为解决这些局限性,作者开发了scDiffEq,一个生成式框架,用于学习能够近似生物学确定性和随机性动态的神经随机微分方程。通过对多能祖细胞进行计算机模拟扰动,我们发现scDiffEq能够准确重现CRISP 扰动造血的动态过程。这一方法可以从单一时间点的单细胞数据的动态变化进行建模,推广到谱系示踪或多时间点数据集。利用scDiffEq,可以模拟高分辨率的发育细胞轨迹,并对其漂移和扩散进行建模,从而帮助研究这些轨迹的时间依赖性基因水平动态。
import scanpy as sc
import scdiffeq as sdq
import pandas as pd
import umap
adata_ref = sc.read_h5ad('scdiffeq_data/larry/larry.h5ad')
adata_ref
AnnData object with n_obs × n_vars = 130887 × 2492
obs: 'Library', 'Cell barcode', 'Time point', 'Starting population', 'Cell type annotation', 'Well', 'SPRING-x', 'SPRING-y', 'clone_idx', 'fate_observed', 't0_fated', 'train', 'ct_score', 'ct_pseudotime', 'ct_num_exp_genes'
var: 'gene_ids', 'hv_gene', 'must_include', 'exclude', 'use_genes', 'ct_gene_corr', 'ct_correlates'
uns: 'fate_counts', 'h5ad_path', 'time_occupance'
obsm: 'X_clone', 'X_pca', 'X_scaled', 'X_umap', 'cell_fate_df'
layers: 'X_scaled'
UMAP = umap.UMAP(n_components=2)
adata_ref.obsm["X_umap"] = UMAP.fit_transform(adata_ref.obsm["X_pca"])

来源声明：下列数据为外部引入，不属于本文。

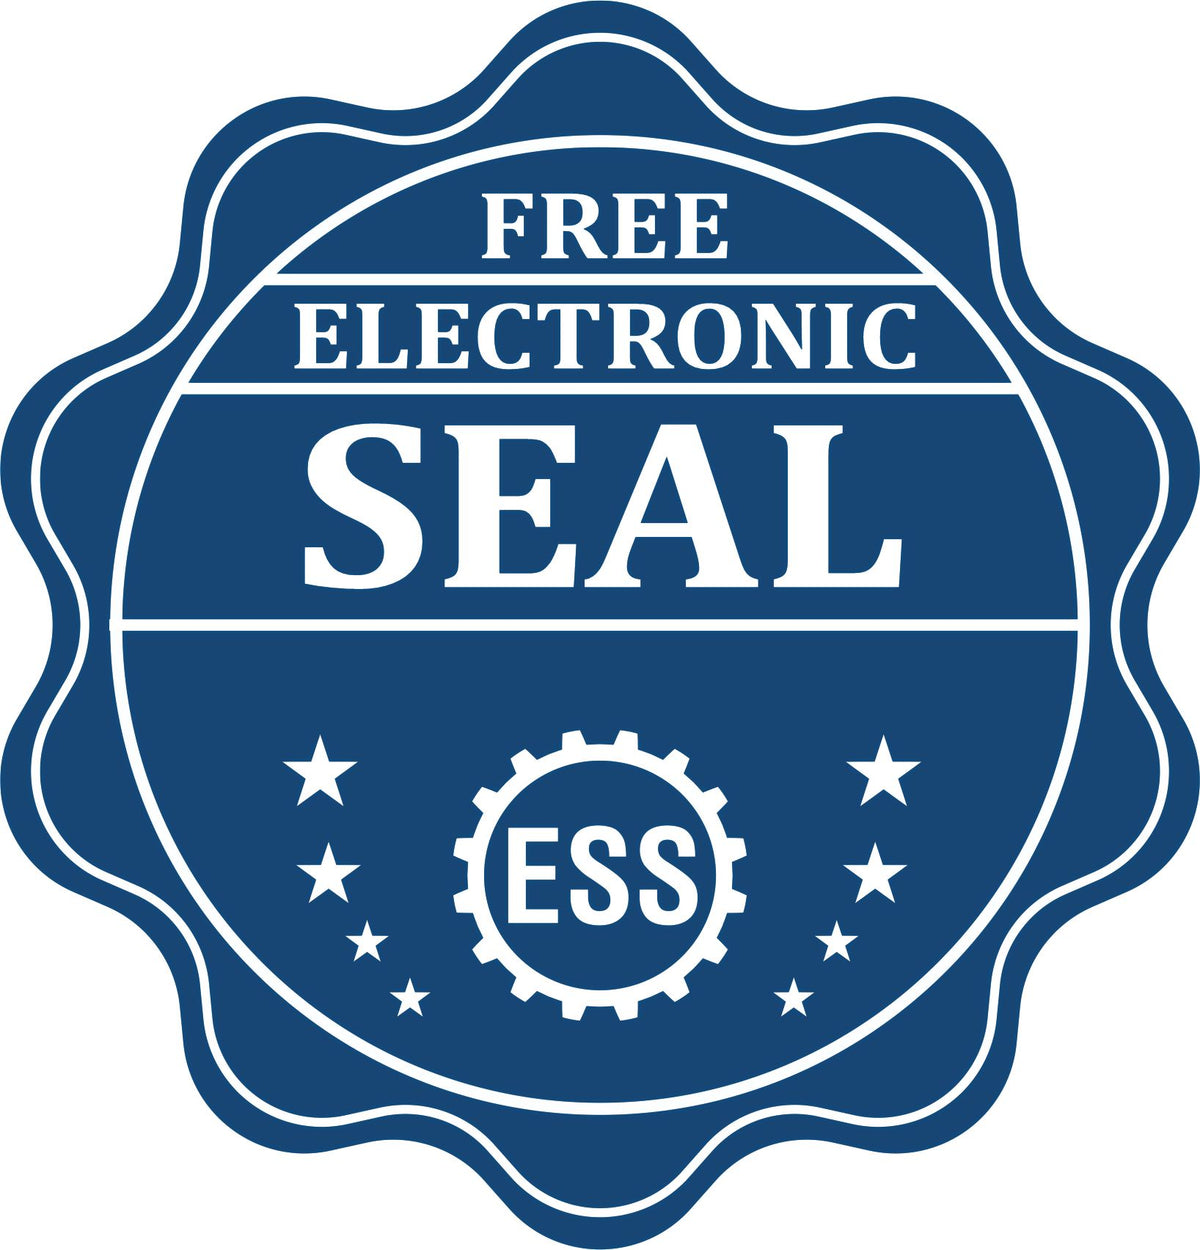 A badge showing a free electronic seal for the Gift New York Architect Seal with stars and the ESS gear on the emblem.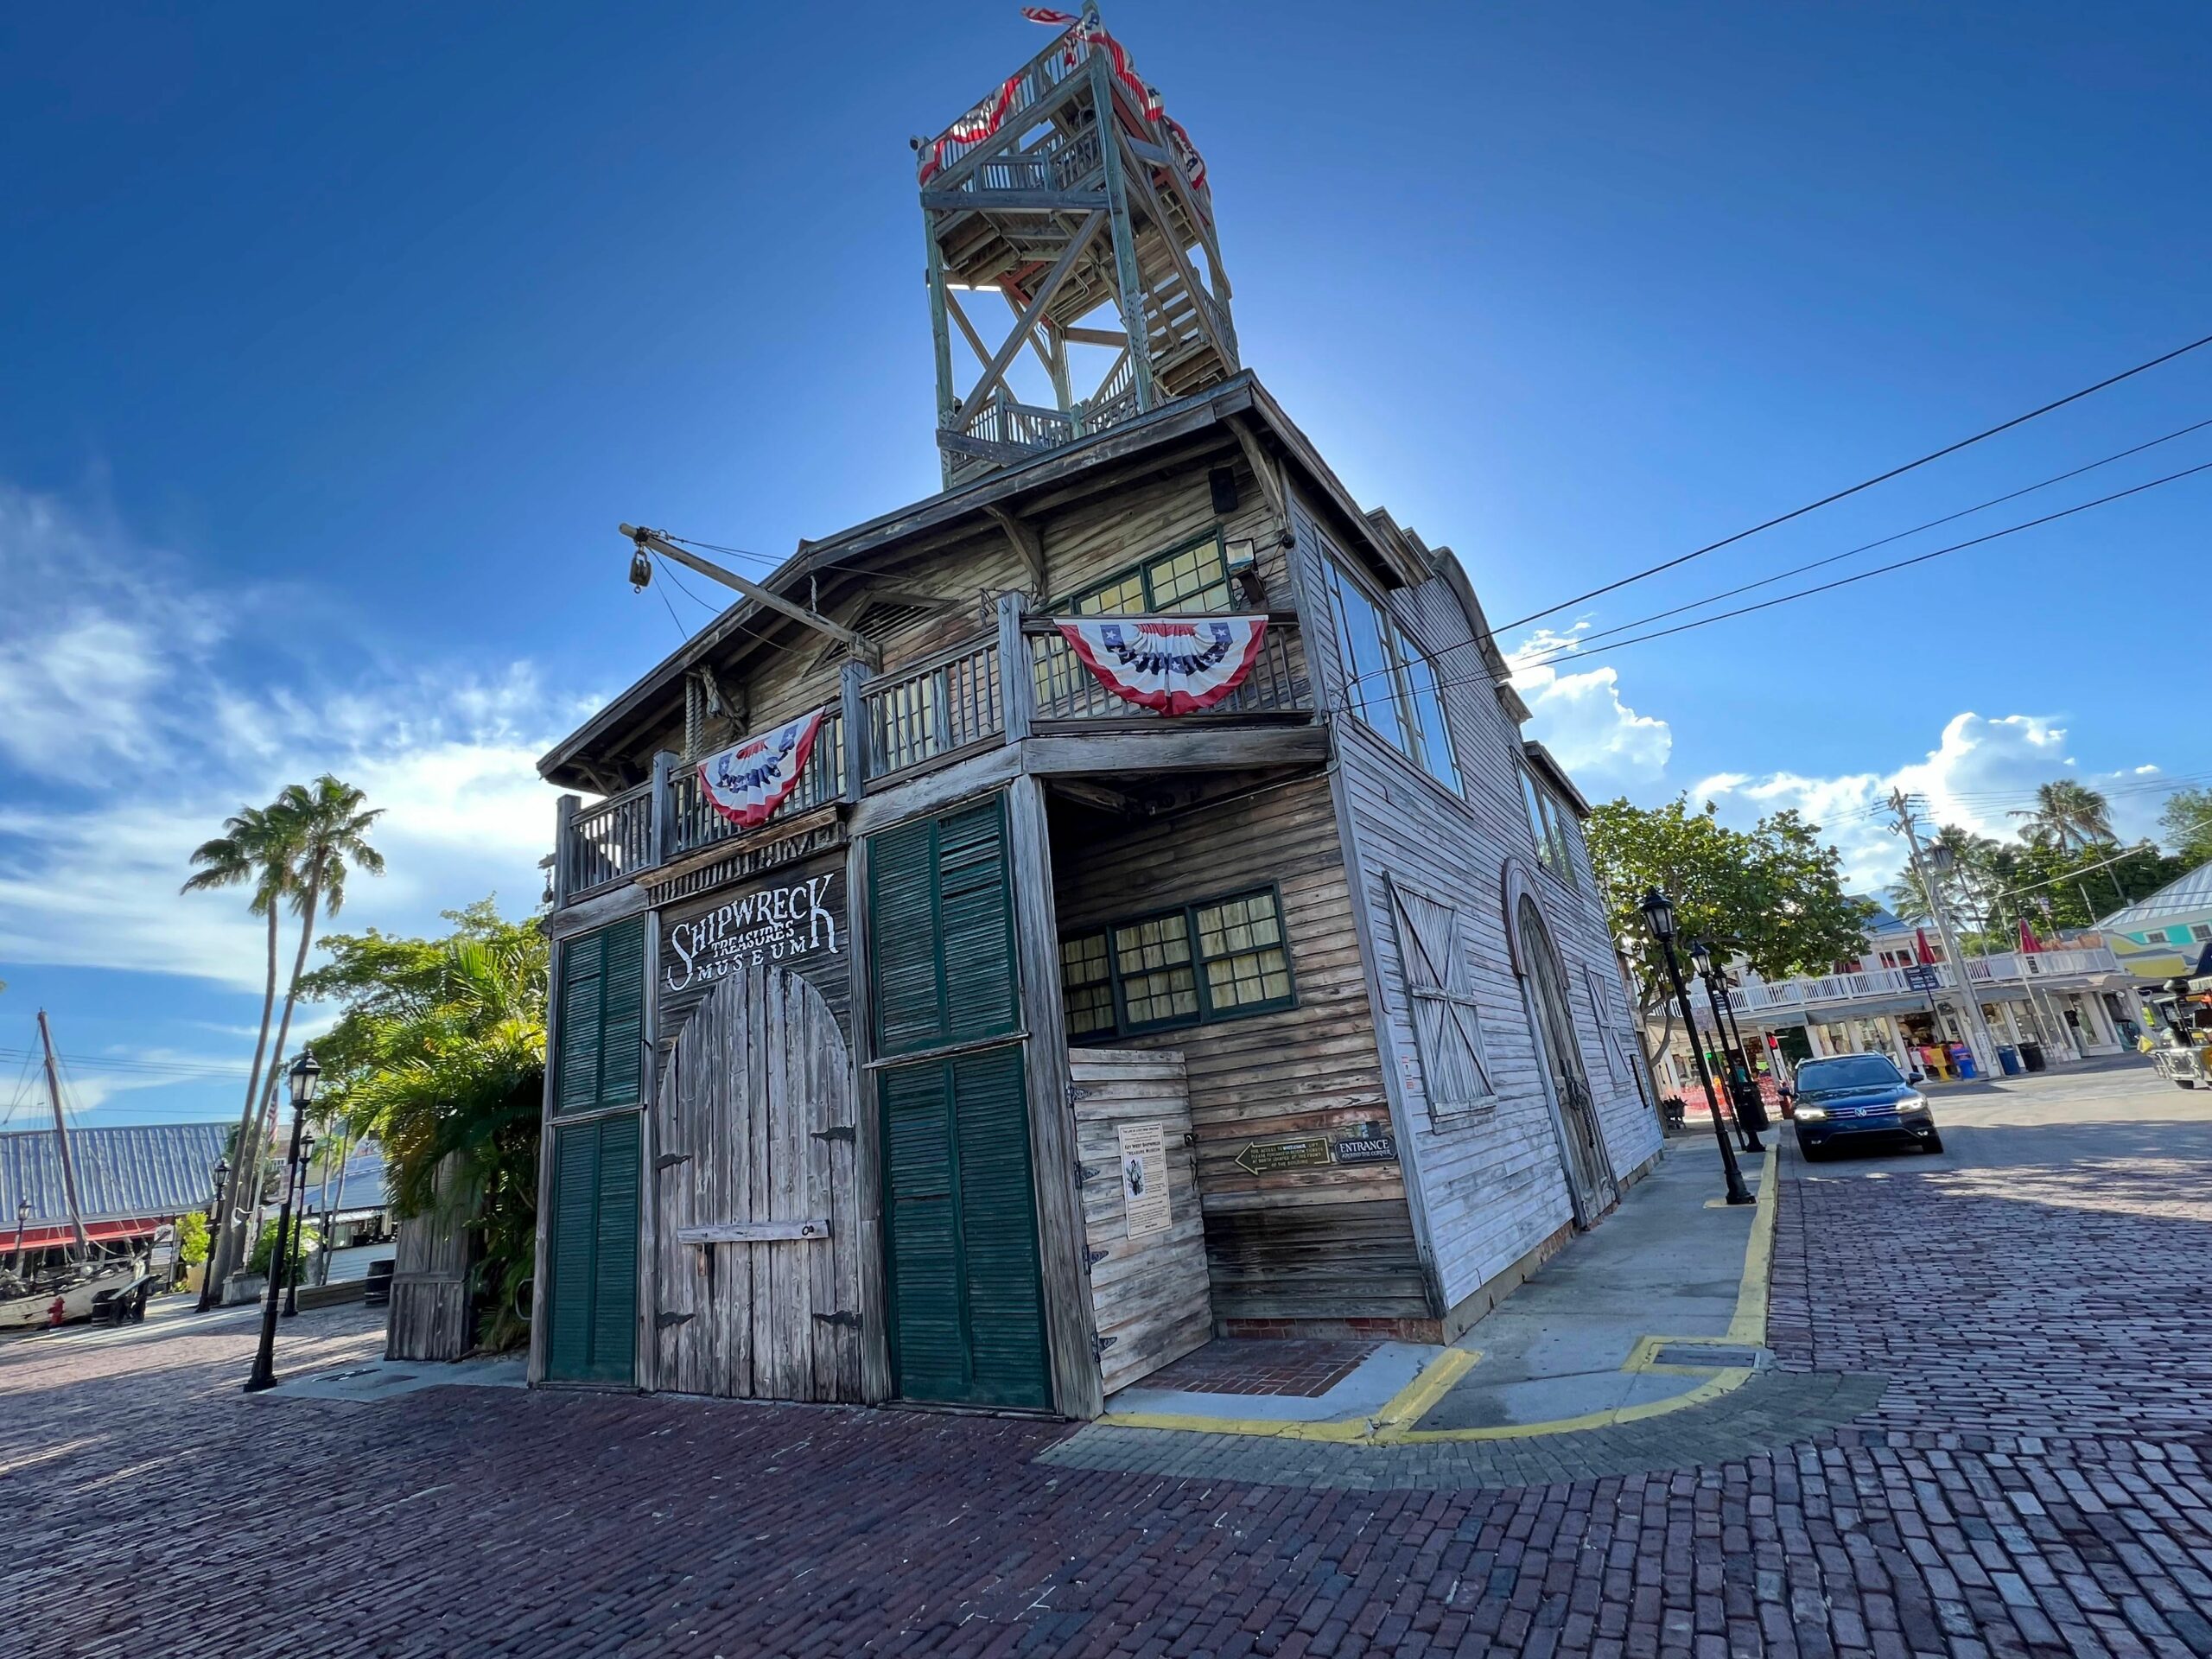 The Shipwreck Museum of Key West tells the tales of the city's "Wreckers" in its pioneer days. Photo by Bill Kress.

nm_clones = adata_ref.uns["fate_counts"][["Monocyte", "Neutrophil"]].dropna().index
adata_ref.obs['nm_clones'] = adata_ref.obs["clone_idx"].isin(nm_clones)
MASK = adata_ref.obs["Cell type annotation"].isin(["Monocyte", "Neutrophil", "Undifferentiated"]) & adata_ref.obs['nm_clones']
adata = adata_ref[MASK].copy()
del adata.obsm['X_clone']
del adata.obsm["cell_fate_df"]
adata.obs.index = adata.obs.reset_index(drop=True).index.astype(str)
准备好数据,建模过程下面几行代码即可,虽然建模可以在cpu环境运行,但速度太慢,还是用gpu来加速吧:
model = sdq.scDiffEq(adata)
model.fit(train_epochs=1500)
model.drift()
model.diffusion()
不过,train_epochs参数会影响模型的拟合效果,可以用下面的方式来查看模型的损失情况来确定:
import matplotlib.pyplot as plt
train_loss = model.metrics[['epoch', 'epoch_train_loss']].dropna().reset_index(drop=True)
val_loss = model.metrics[['epoch', 'epoch_validation_loss']].dropna().reset_index(drop=True)
# Plot raw values as scatter points
plt.scatter(train_loss['epoch'], train_loss['epoch_train_loss'], color='blue', s=8, alpha=0.15)
plt.scatter(val_loss['epoch'], val_loss['epoch_validation_loss'], color='orange', s=8, alpha=0.15)
# Compute moving averages
train_loss_ma = train_loss['epoch_train_loss'].rolling(window=10, min_periods=1, center=True).mean()
val_loss_ma = val_loss['epoch_validation_loss'].rolling(window=10, min_periods=1, center=True).mean()
# Plot moving averages as lines
plt.plot(train_loss['epoch'], train_loss_ma, color='blue', linewidth=2, label='Train Loss')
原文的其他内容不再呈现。